Изменить стиль страницы

Верещагин поднял валявшийся в стороне автомат убитого и повертел в руках.

— Хотели нас автоматами да танками запугать? А того не уразумели, что не автоматы — будь они самые что ни на есть усовершенствованные — и не танки приносят победу. И когда только поймет это ваша безмозглая фашистская башка?..

Верещагин прыгнул в глубокую траншею, выдолбленную в камнях, и пошел к вершине горы. Под его тяжелыми ботинками звенели пустые гильзы.

Уже на вершине Верещагин натолкнулся на Урманова. Сдвинув каску далеко на затылок, Галим привалился к стене траншеи.
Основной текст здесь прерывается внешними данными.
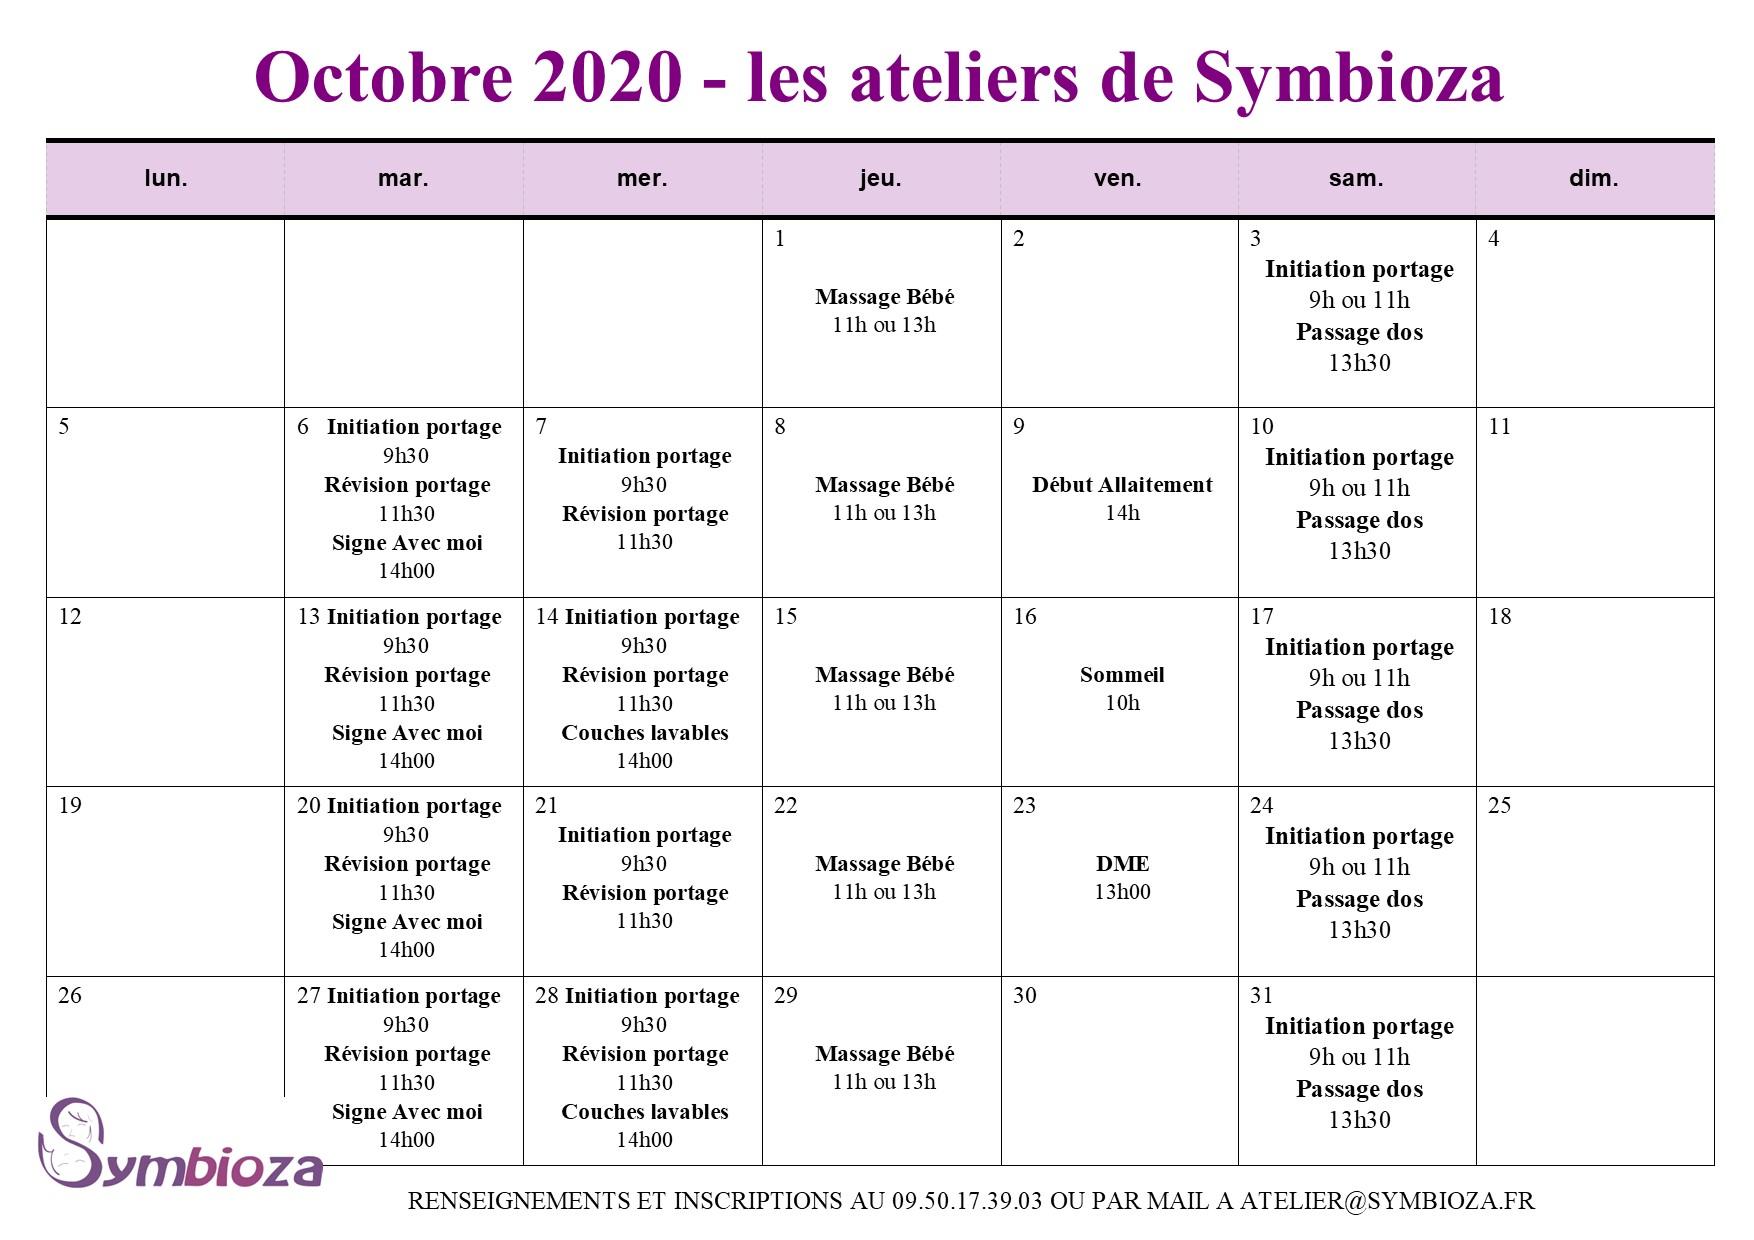 Les ateliers d'Octobre 2020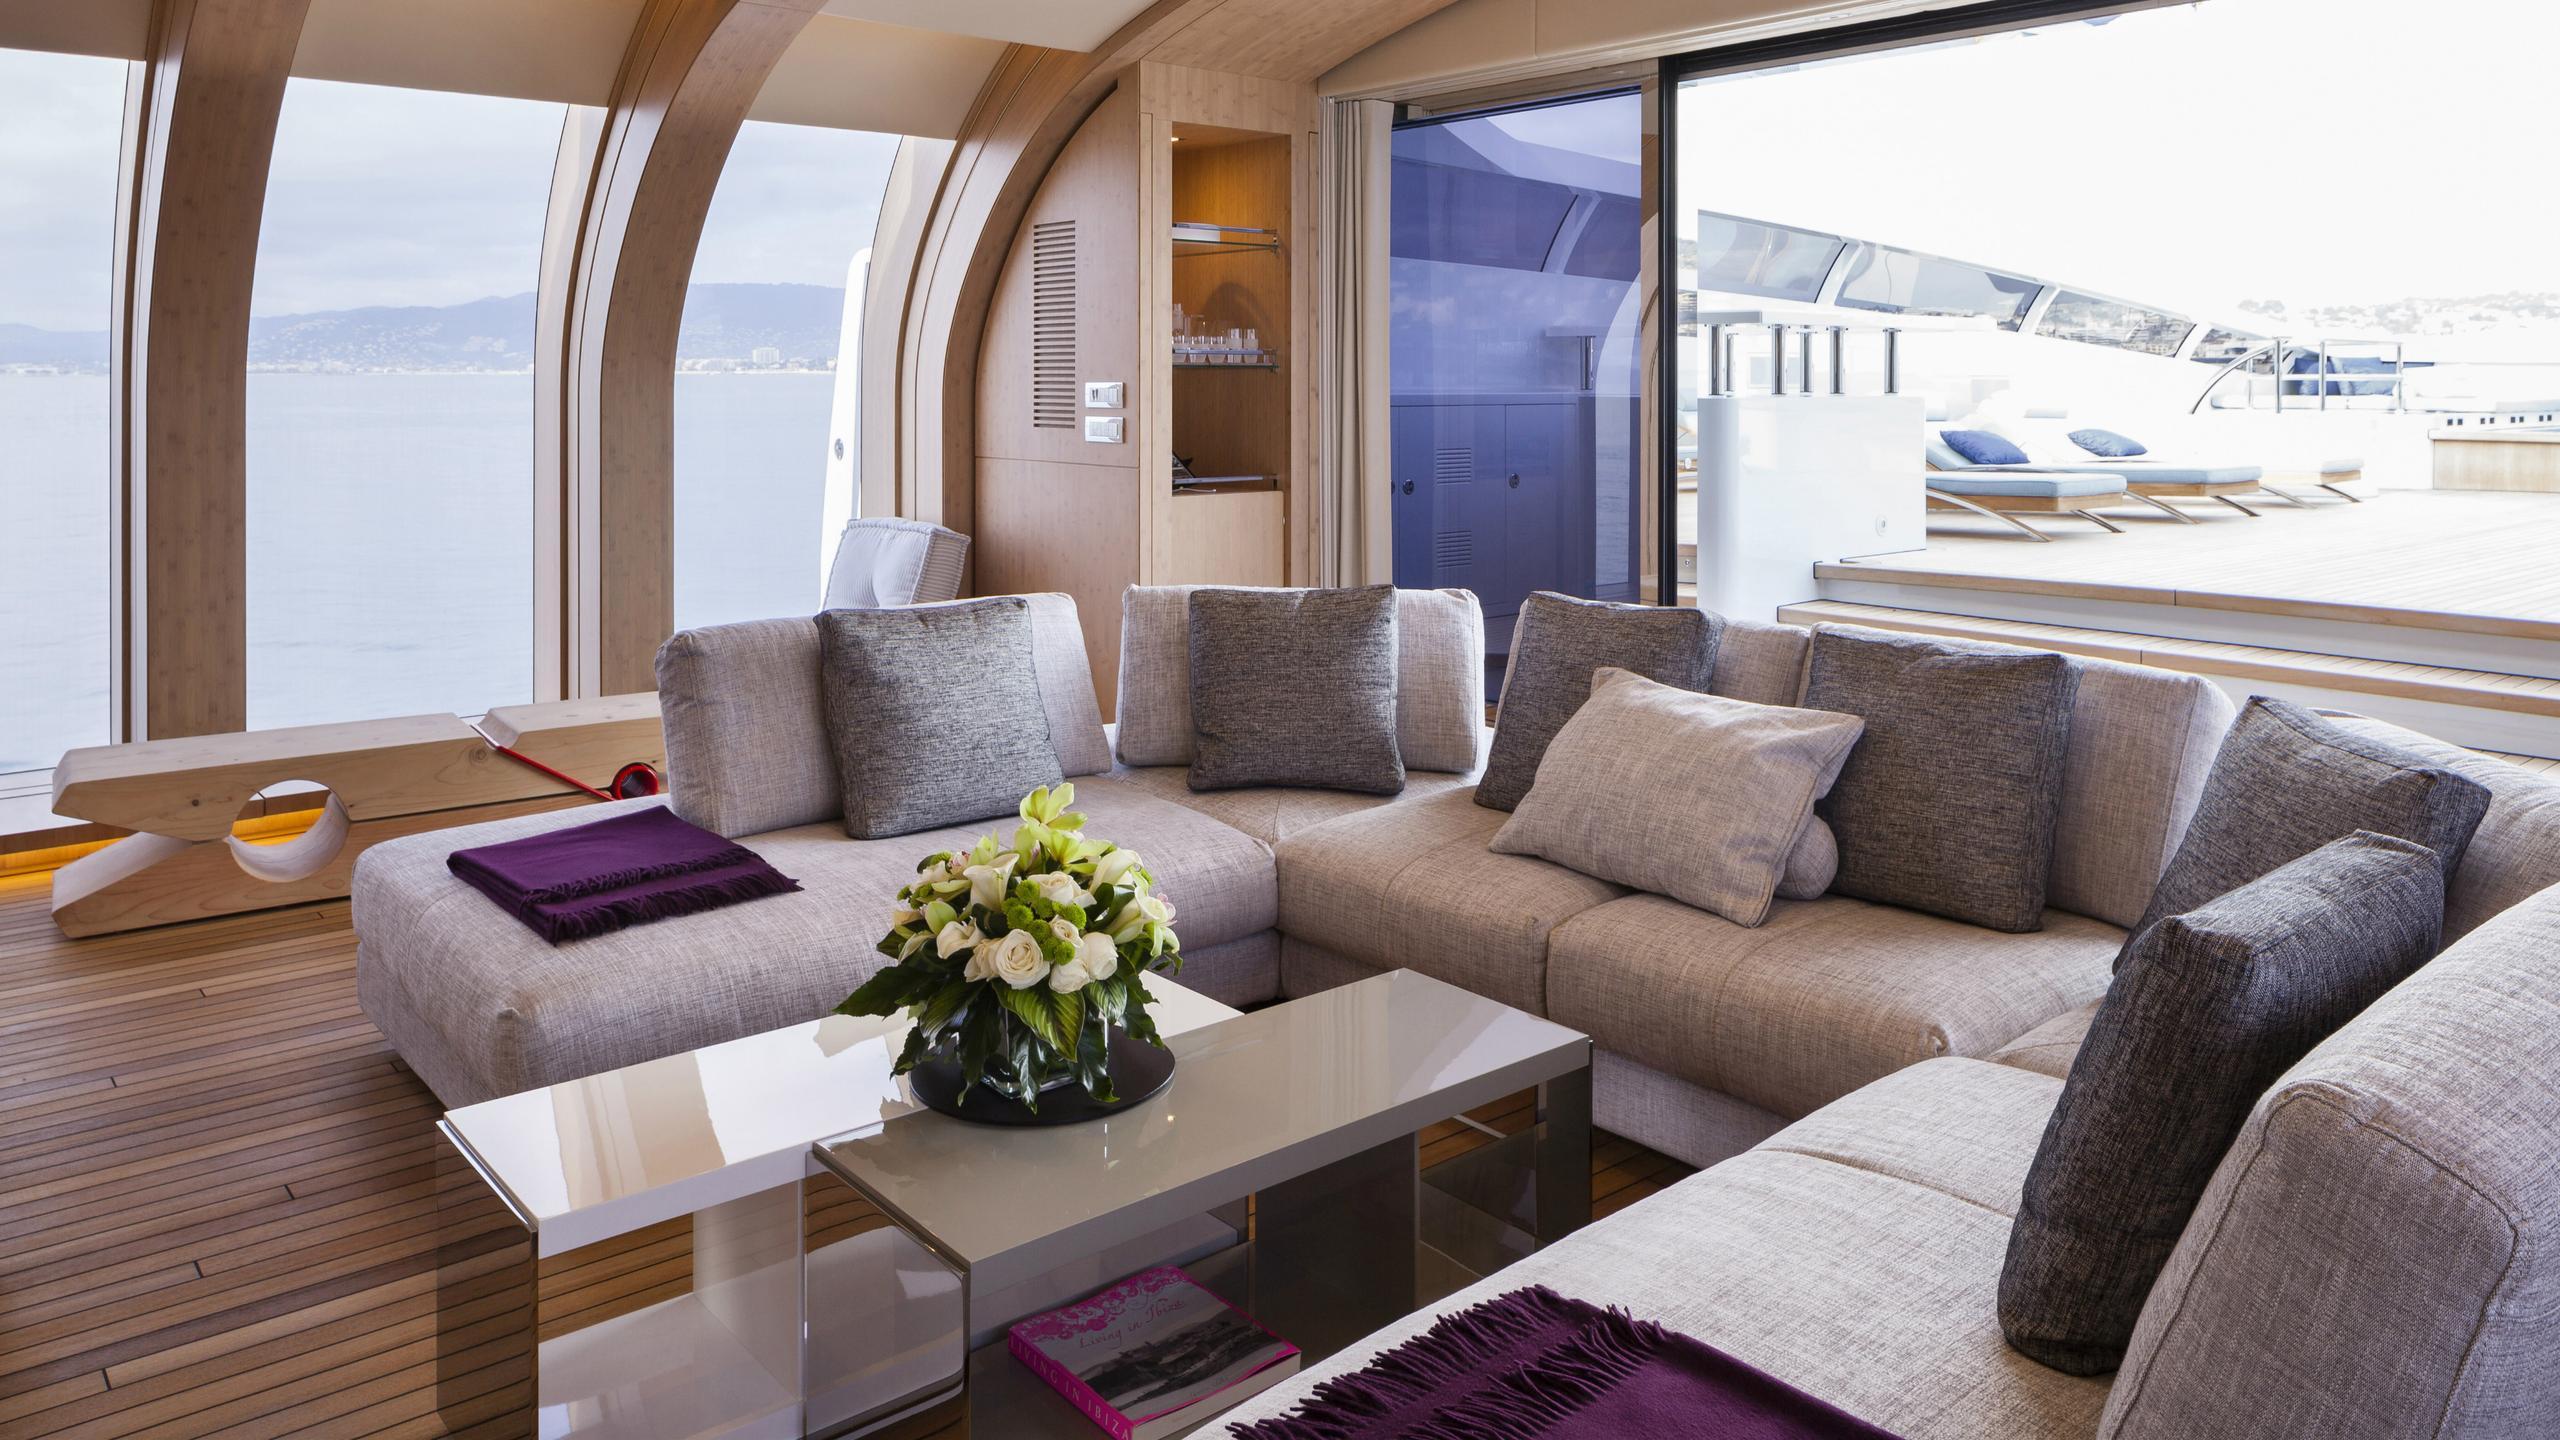 crazy-me-motor-yacht-heesen-2013-50m-saloon

Перед ним на бруствере лежали гранаты, стоял ручкой пулемет. Стеганый ватник его в нескольких местах висел клочьями, — видно, задели осколки или пули. Дышал он с каким-то хрипом — и Верещагину показалось, что в нем еще не утихла ярость боя, — но глаза его смотрели так, как смотрят они обычно у людей, ушедших в свои мысли.

— Что задумался, братишка? — положил Верещагин руку на плечо друга. И, показывая вниз, на освещенное косыми лучами заходящего солнца подножие горы, где лежали сраженные враги, сказал одобрительно: — Хорошо воевал…

— Не о том я думаю сейчас, Андрей, — отмахнулся Урманов. — Я вот стою… Да ты посмотри, как красивы эти вершины! Какой простор! А знаешь, ведь это — золотые горы. Несметные сокровища здесь. Одного никеля миллионы тонн. А сколько угля… драгоценных металлов…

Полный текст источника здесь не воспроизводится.